Potential for Reprisal
Intentionally breaching foreign domestic law brings risks upon the privateers, their corporate sponsors, and, if done at scale, the U.S. government. Under such domestic law, the injured party may have a legitimate criminal case to pursue in court. The full range of consequences for people engaging in privateering, and potentially their sponsors, are unclear, but among other things, we might expect some restrictions on their ability to engage in international travel, unless they are willing to stand trial abroad.
But there are further countermeasures that might be taken against privateers: reprisals. The injured party could appeal to their own government to seek retribution. Aitel pointed this out in his post: “We must be comfortable having whatever legal framework we adopt apply to American companies reciprocally by foreign parties.” This point is crucial. Are we prepared to legitimate intrusions sponsored by other countries’ companies? Remember, the United States will not be the arbiter of whether their claims are legitimate. Furthermore, retribution may not be restricted to cyberspace. Rather, having sponsored a cyber attack, company assets residing in the country that got attacked may suddenly be exposed to legal risk abroad. Other countries may also choose to broaden the narrow definition of whom to take reprisal against. After all, privateering was a tool to seek redress against harm suffered by another national. What restricts a foreign power to take a more expansive definition of privateering?

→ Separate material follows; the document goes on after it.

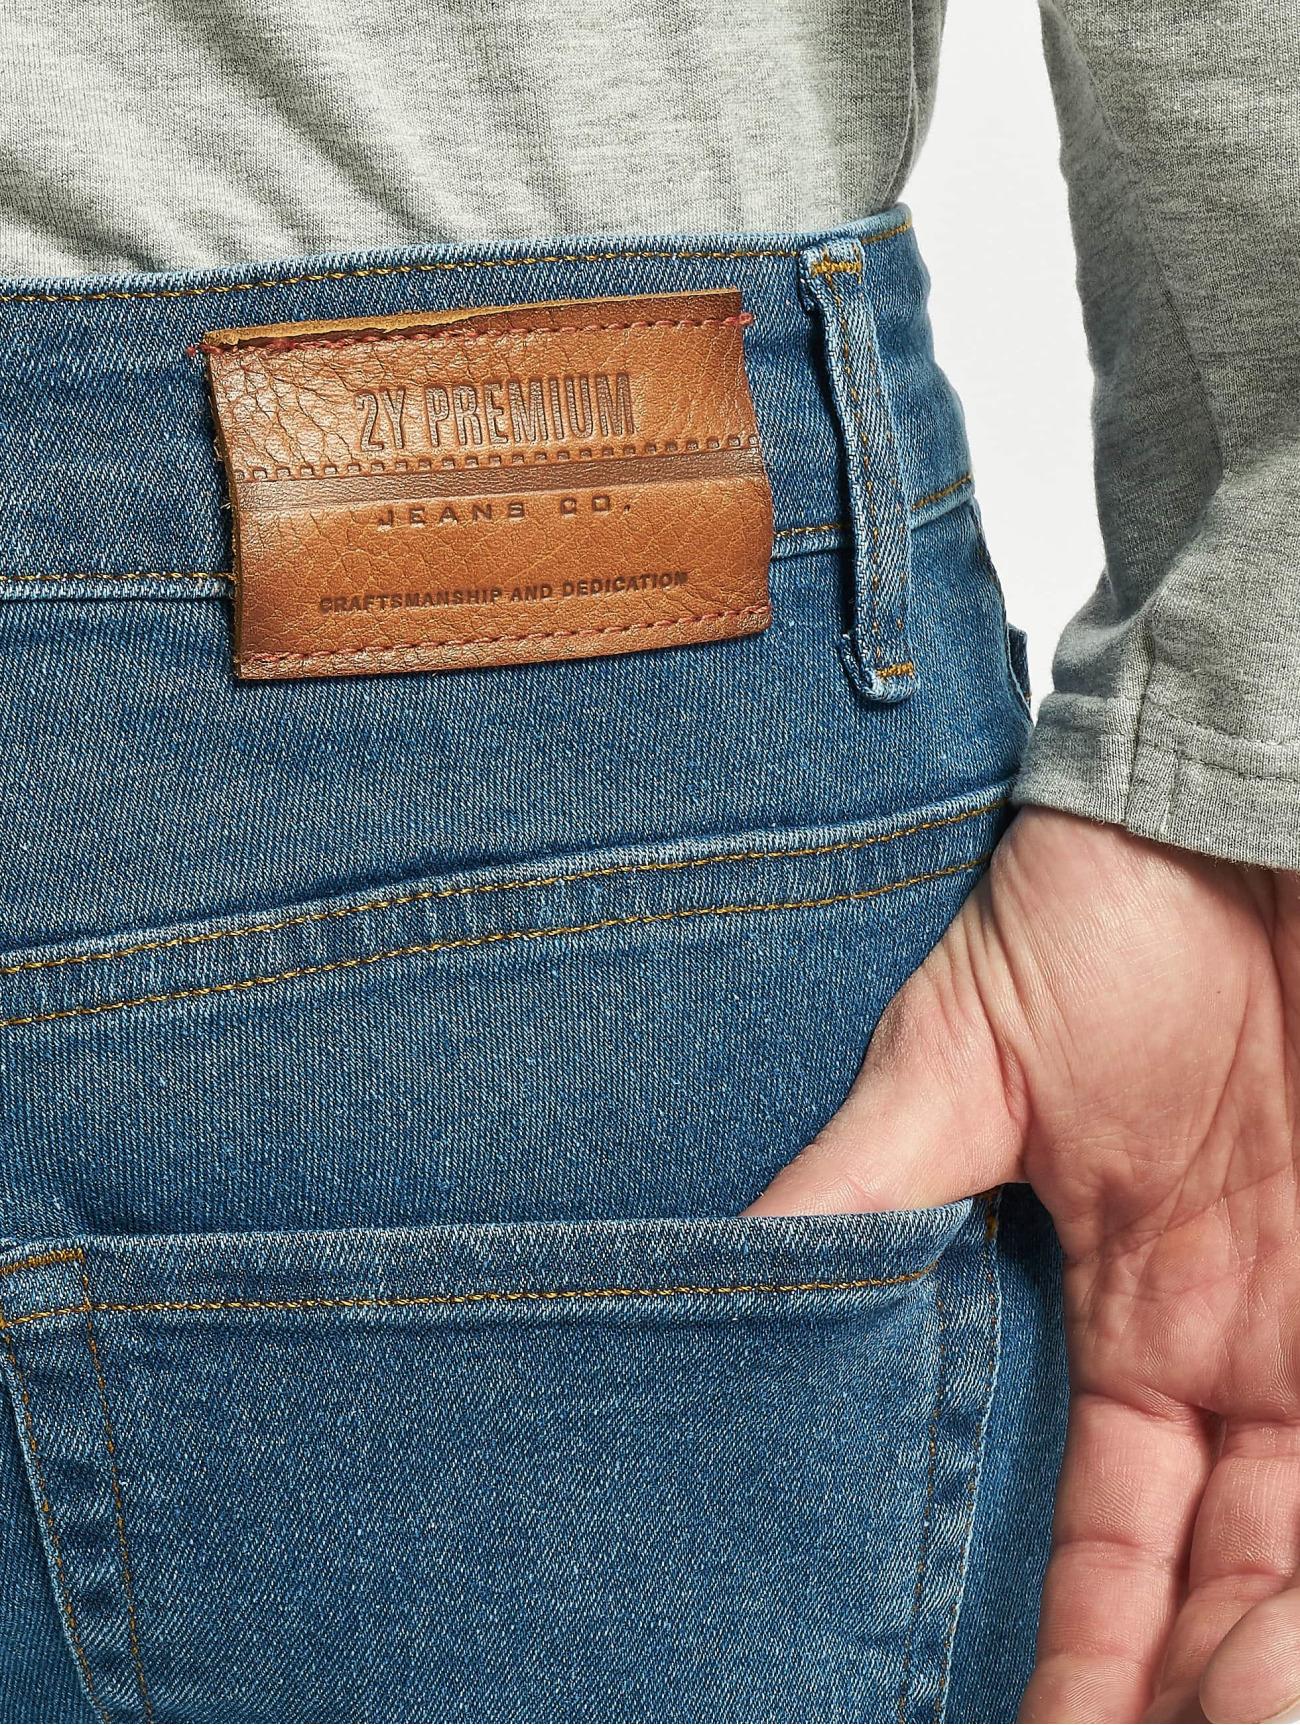 2Y Jeans / Slim Fit Jeans Malik  i blå 746639 Män Jeans

Privateering is a Strategically Unwise Norm for the United States to Set
Once we establish privateering as a legitimate course of action in the cyber realm, the question then arises: who profits most from such a regime? Historically, privateering was the policy tool of the challengers, not the incumbent great power. The power with the largest trade interests had the most to lose. By the end of the 18th century, when Britain became the dominant naval and trading power, it was France and the United States that relied heavily on privateers. Britain took the threat of U.S. privateering so seriously that it struck a deal with most other naval powers to abolish privateering in 1865. England’s Prime Minister Lord Palmerston summed the logic up as follows:
Privateering is a Practice most inconvenient to the Power which has the largest number of merchant men at sea, and the least useful to the Power which has the largest War Navy. England is that Power and we should therefore willingly agree to abolish that Practice in regard to all Powers which would enter into the same Engagement towards us. (Lemnitzer 2014)
While I do not think that the United States is in the same dominant position of Britain in the 19th century, U.S. policymakers would be wise to take Palmerston’s analysis to heart.